Sullivan subsequently sold the coin to error coin dealer Mike Byers from Mike Byers Inc. in Las Vegas, Nev., who is offering the coin for $25,000, both on his website and on eBay.

“It's unique since the reverse is an incuse brockage of the obverse, creating counterbrockages,” Byers said.

The obverse of the 1893 Barber dime error appears deeply dished, from having become stuck on the upper hammer die. The force of the striking pressure when struck against another coin, and possibly a subsequent planchet, caused the .900 fine silver piece to split, from between and just above the T and E in UNITED out through the rim.

On the reverse, a brockage image of the obverse of the coin this piece was struck against appears. A brockage is a mirror duplicate of the original design, but with all details reversed and incuse.

How it's made

Error experts who have seen the coin or detailed photos of it differ slightly on what to call the coin, as they are in general agreement as to how the error initially occurred but not in complete agreement on what happened immediately afterward.

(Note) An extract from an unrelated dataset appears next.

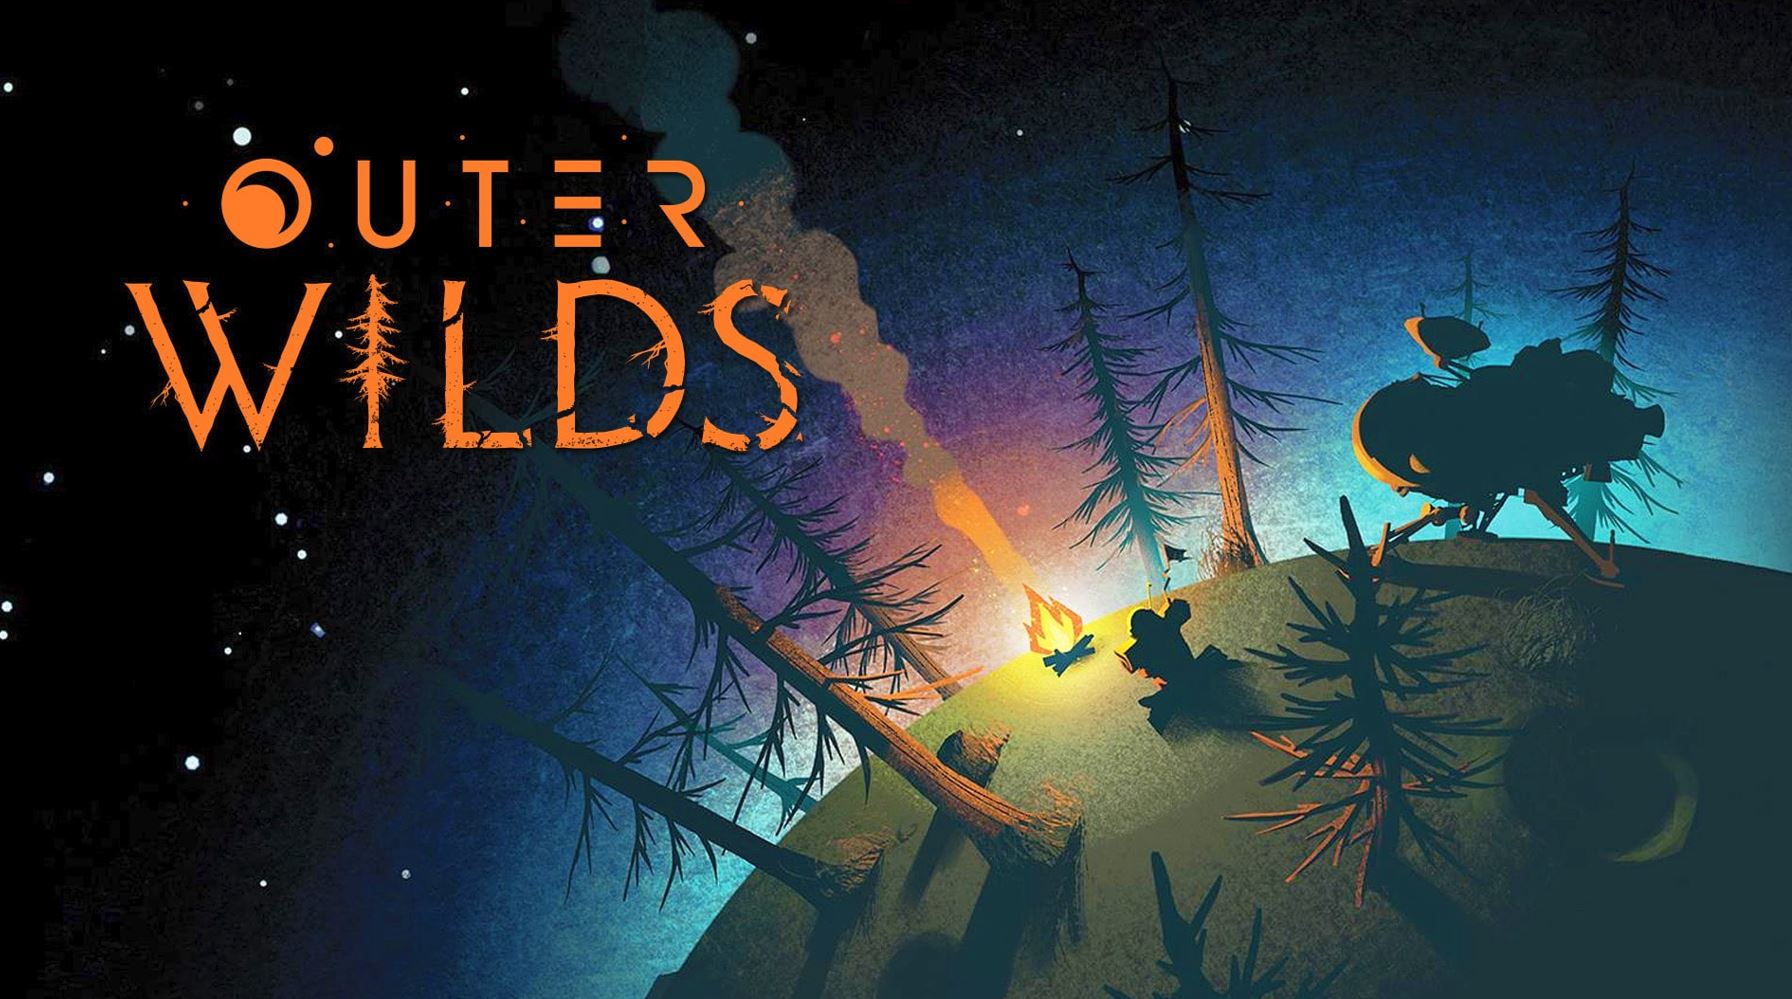 The cover of Outer Wilds (2019). Depicts a spaceship on a grassy planet with trees, with a person sitting at a campfire. The title Outer Wilds is in the top left corner.

According to Sullivan, the die cap dime error occurred after a planchet was fed into the striking chamber, struck, and failed to be ejected. “Then this Barber dime die cap’s planchet was fed on top of that struck coin that was still resting on top of the reverse die, and struck into it, created a mirror brockage of the obverse on the reverse side, and also causing the coin to stick to the obverse (hammer) die,” Sullivan explained by email Aug. 24.

“The bottom coin was then ejected from the striking chamber, but this coin, which had stuck to the obverse die, was struck into at least two or three incoming planchets before it finally fell off the obverse die, and was itself ejected from the striking chamber,” Sullivan concluded.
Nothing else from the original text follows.